Шестков в жесткие революционные стандарты не вписывался совсем, но Шура после похорон все же позволила ему остаться в отряде. Иногда он сутками валялся на скрипучем пружинном матрасе, разглядывая потолок, и вообще ни о чем не мог думать. А бывало и наоборот – думал целыми днями, хотя и не совсем о том, о чем следовало бы. Порой Шестаков чувствовал себя участником какой-то мифической истории. Такие есть у многих народов, разбросанных по всем странам и континентам. У разных народов герои непременно отправляются в длинный путь. Кто-то выбирает дорогу по своей воле, другие – случайно, третьи – по ошибке. Часто эти герои – совершенно обычные люди, которые не могли похвастаться ни силой, ни особой храбростью. Но у них у всех было нечто общее – они отправлялись путешествовать в Неизведанное.
Они двигались по незнакомым территориям, на их пути встречались хорошие и плохие люди, высокие горы, непроходимые лесные чащи, бескрайние пустыни, глубокие пещеры с драконами; они сбивались с пути, находили приют в чужих домах, где пережидали неприятности, и почти ежедневно преодолевали свой страх, чтобы двигаться дальше.

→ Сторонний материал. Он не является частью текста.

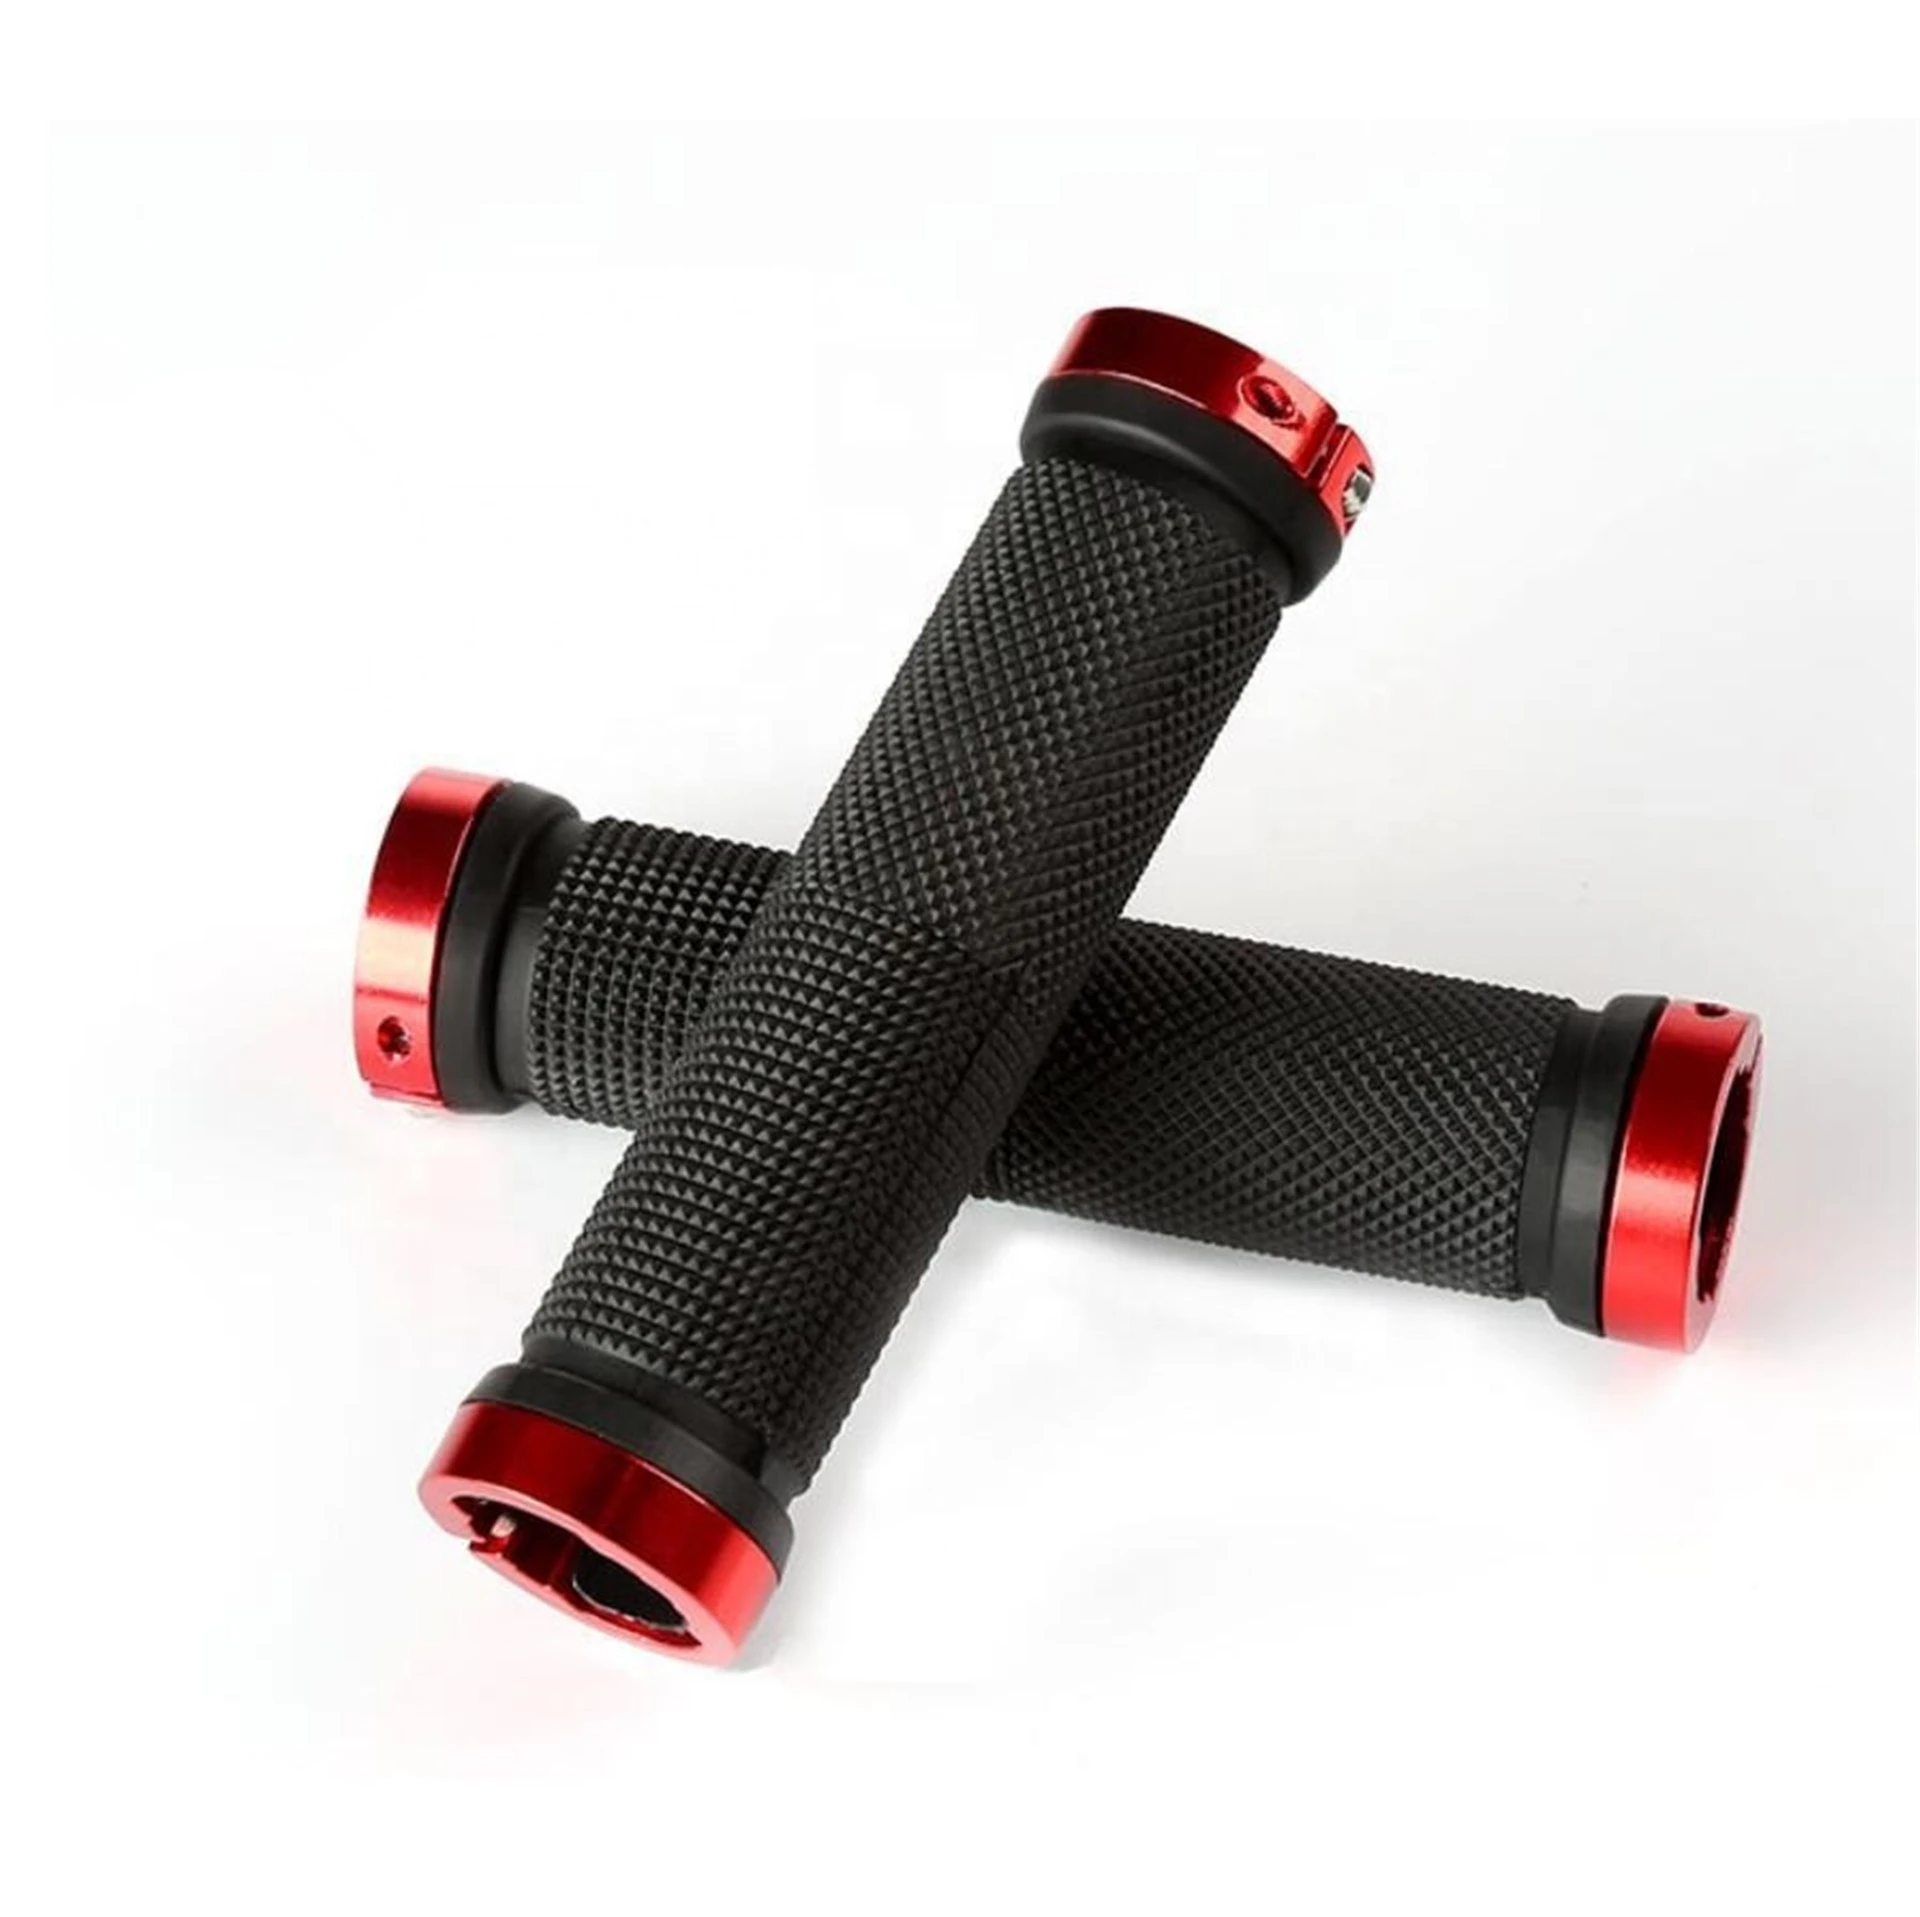 Aluminium Alloy Two Sides Can Be Locked Anti-slip Bicycle grips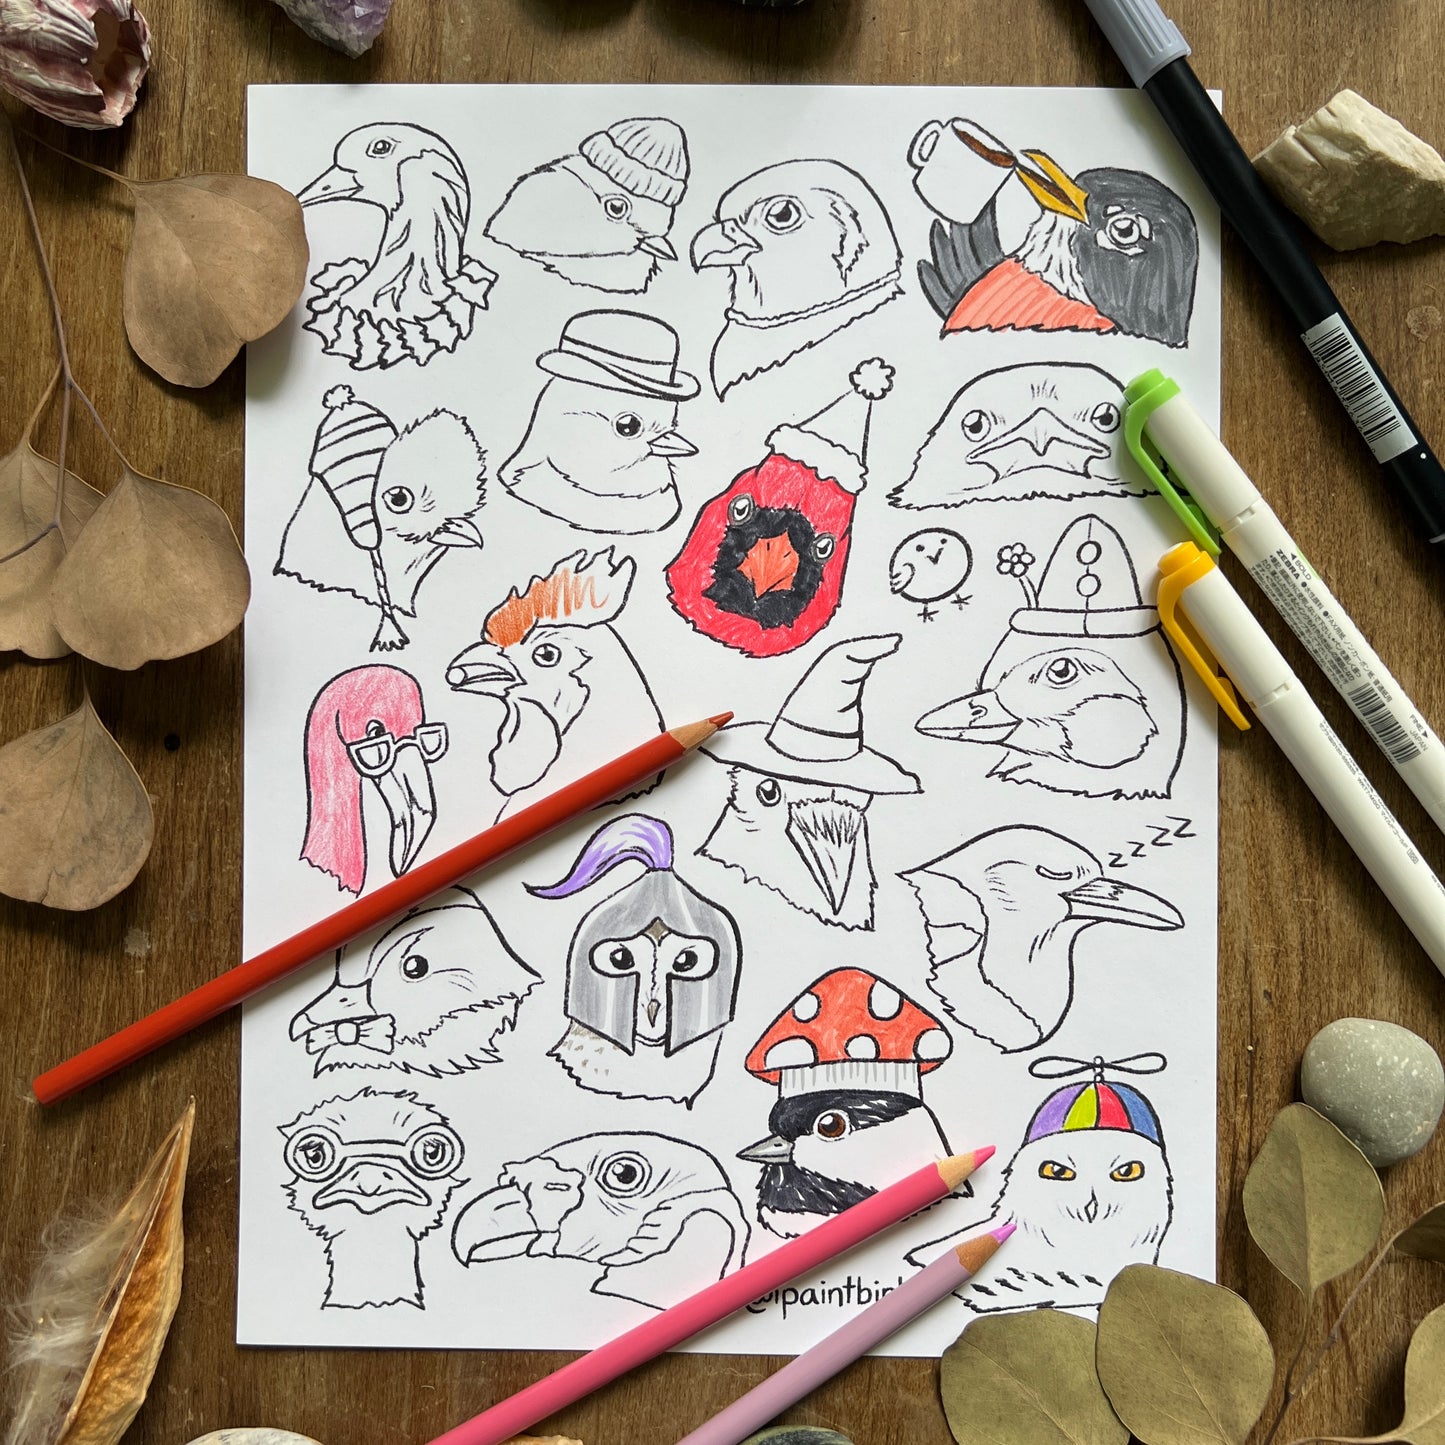 Birb Portraits: Part Two | Coloring Page

Ну а потом наступал главный момент всего путешествия – герои оказывались в непреодолимом, как им казалось, тупике. И чтобы преодолеть это главное препятствие им нужно было выйти за пределы своих возможностей. Они собирались с силами и делали невозможное. А в конце за свои мучения получали награду – обретали себя, начинали понимать окружающий мир и своей место в этом мире. И возвращались домой, где их встречали героями. Впрочем, не всегда. И не всех…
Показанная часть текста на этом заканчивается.